The father of that first family came across as a straight-up pervert who used standard cult-leader tactics to hold his family together. As we were watching, Sally wondered aloud if he wasn’t sexually abusing his oldest (“marriagable”) daughter, and I replied that I’d been wondering that same thing. The poor girl seemed weird, bewildered, and confused every time she was on camera, and it was clear to both Sally and me that she hated her father and could barely stand to be in the same room with him.
I mean, that ain’t proof, but it is evidence.
Thankfully, the other family was a little more normal. The guy was a roughneck on an oil rig or maybe a high voltage lineman working for a heavy-duty out-of-state contracting company. Something like that. He very obviously had a good, blue collar job that allowed him to provide financially for his (also large) family, but he was gone for six weeks at a time because of that job, so I’m guessing roughneck.
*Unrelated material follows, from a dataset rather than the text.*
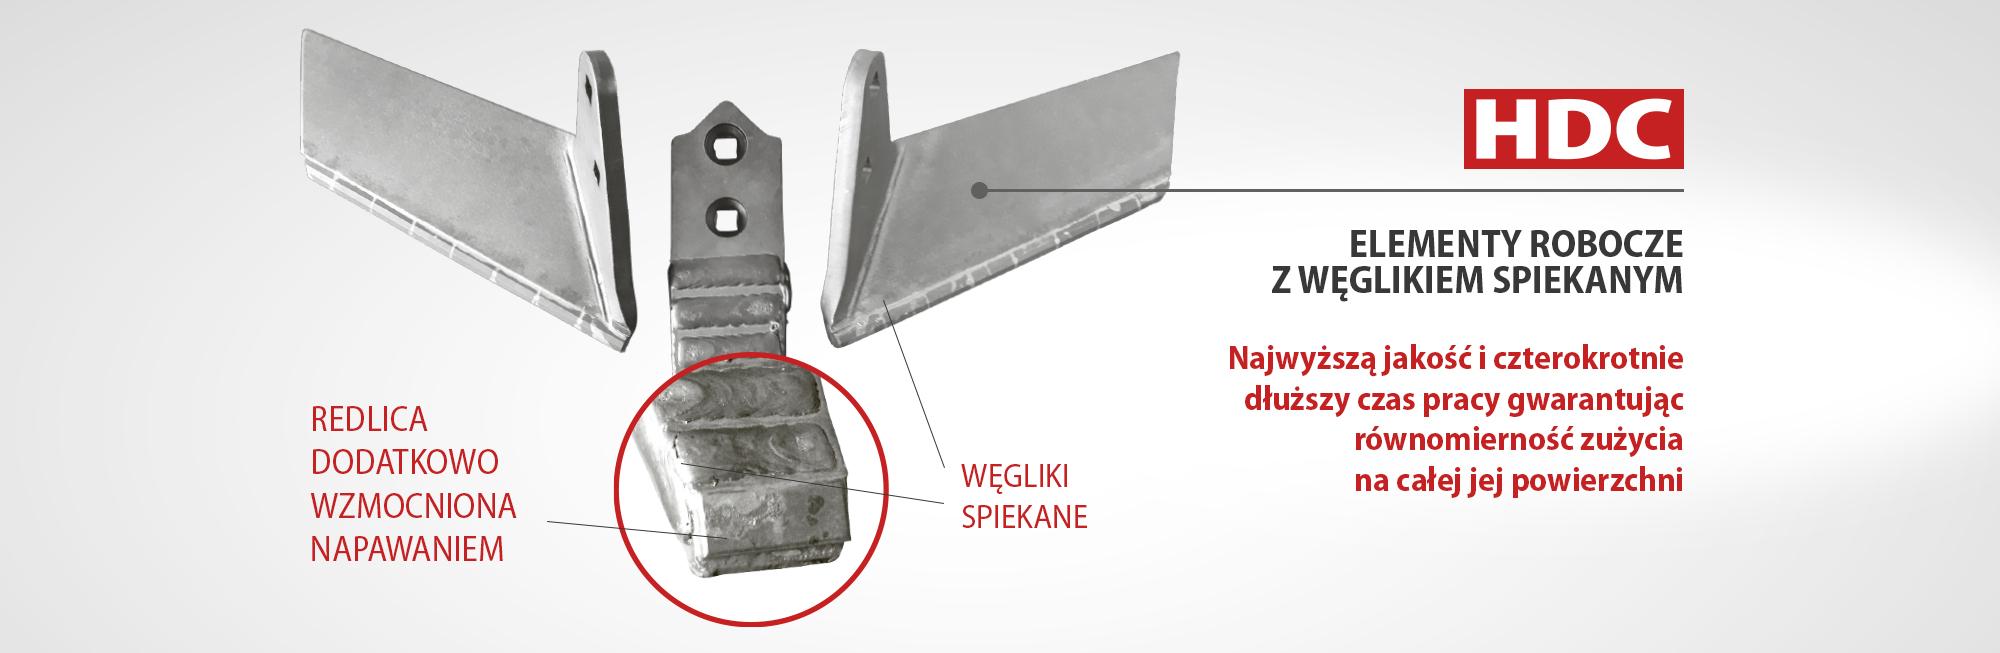 UNIA_rotator_weglik-spiekany_pl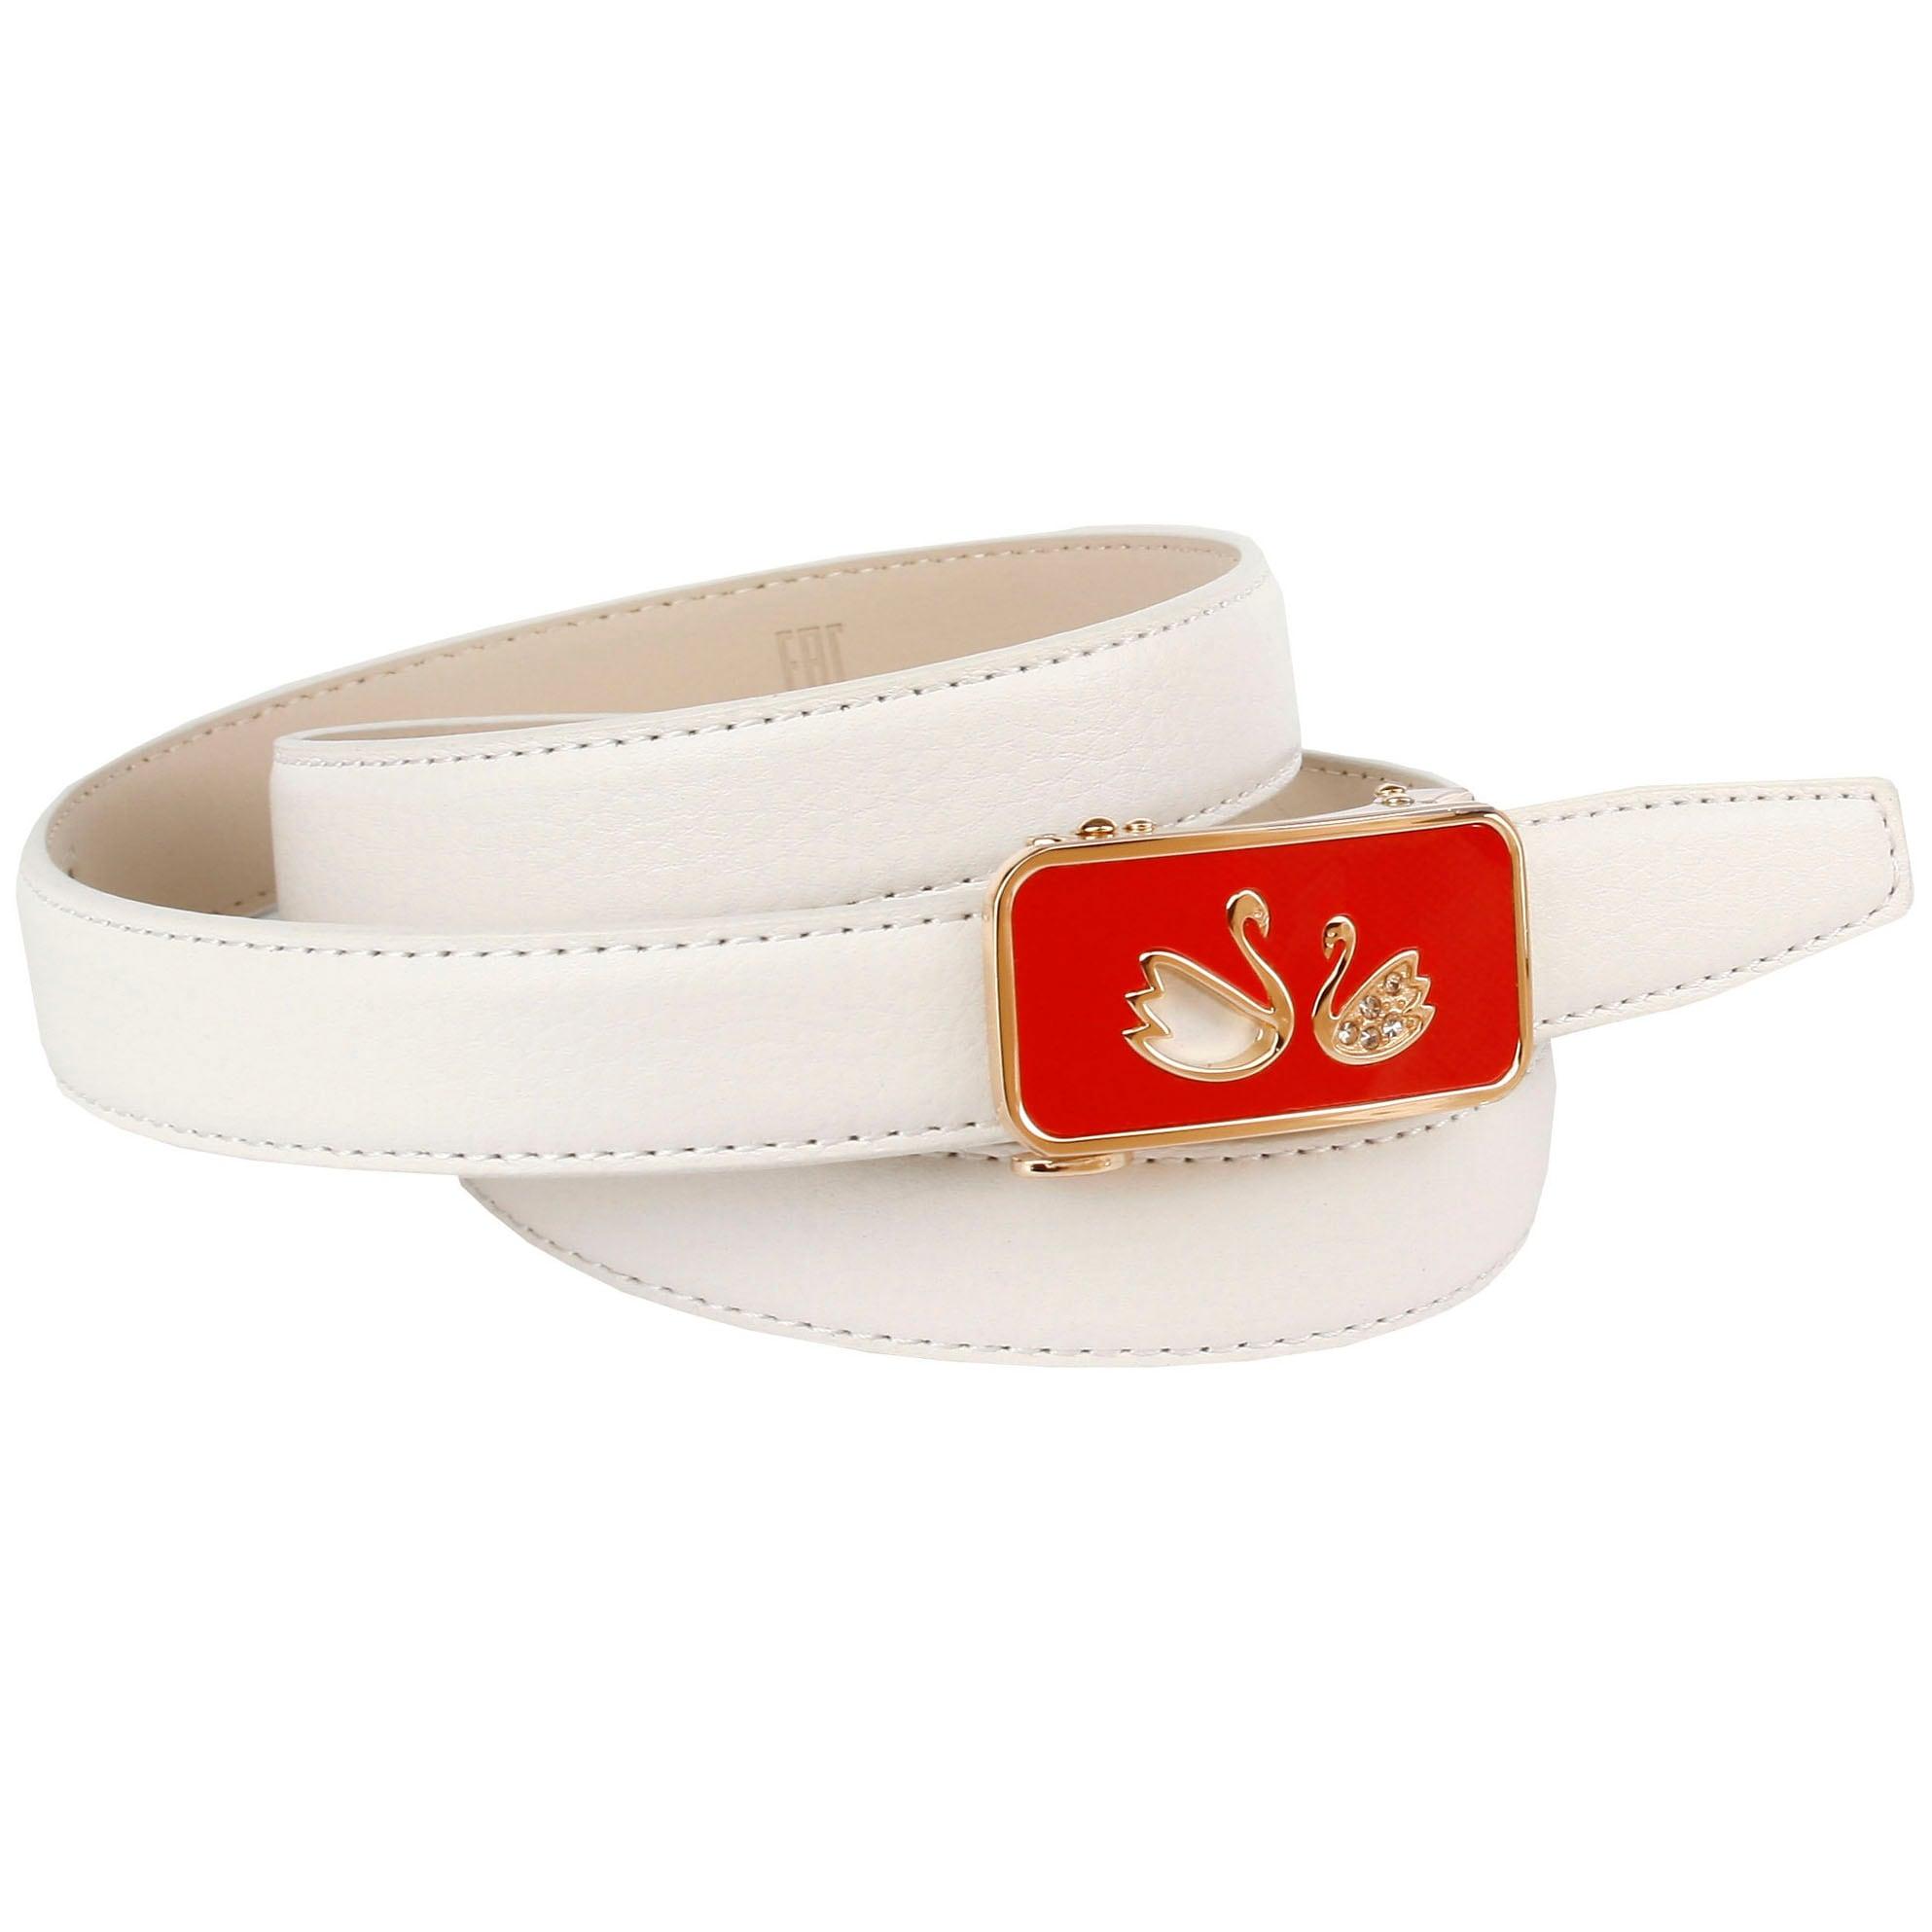 Anthoni Crown Ledergürtel, mit roter Schließe weiß Damen Ledergürtel Gürtel Accessoires

His first wife also worked, and she was well-spoken, so I’m thinking that she probably had some college, too, but the couple had four kids together, as well. So they’d done what any polygamist would do in that situation--they’d brought in another wife, basically to do all of the household chores and to take care of the kids.
And that’s fine, right? Well, yeah, except that the two wives obviously hated each other.
I mean, the senior wife clearly realized that she needed the help domestically--she said as much right on camera--and she also clearly realized that bringing in a another wife was a cheaper, more effective solution than hiring both a nanny and a housekeeper. That woman was not dumb. But she wasn’t quite as cold as she needed to be, either. It looked like she really loved her husband, and she didn’t like sharing him, especially with a blond bimbo, and even more especially because he was gone so much.
As for the junior wife, she’d signed on for a lifetime of servitude and slavery for reasons that I cannot understand.
Both the husband and the senior wife made it clear that the senior wife was in charge. The junior wife did what she was told, period. What choice did she have? She had a kid with the husband, and she didn’t work, so she didn’t have any money of her own, and I doubt that she’d have any legal recourse if she’d decided to divorce the family. I mean, the law only recognizes single marriage, and I’m quite sure that the husband and the first wife were legally married, so it’s not like she could sue for alimony. She couldn’t even get the law to see her as a Common Law wife. Maybe she could get some child-support from the family, but that and a minimum wage job at MacDonalds aren’t much of an option compared to her current--albeit miserable--circumstances.
Anyway, after watching a little of this, here’s what I’ve learned about polygamy:
1. If you’re a woman, and you’re going to be in a polygamous marriage, you absolutely have to be the first wife. And you need to get legally married to your husband while you can. In the long term, this will give you absolute control of the household and make the junior wives your de facto servants for as long as their kids are in your house.
2. Along similar lines: if you are the first wife, encourage your husband to buy a house before he takes a second wife. Explain to him that he can’t take a second wife until he’s proven to the community that he is a stable provider, and home ownership is a rock-solid way to do that. Above all, make sure that your name is on the deed as co-owner of the house when he buys it.
3. If you’re a man, polygamy appears to be an attractive situation, but there are some real drawbacks. First, it is very expensive. And second, your wives are unlikely to get along, especially when they’re both relatively young. All that hate and discontent is very like to sap all the fun out of what ought to be an ideal arrangement.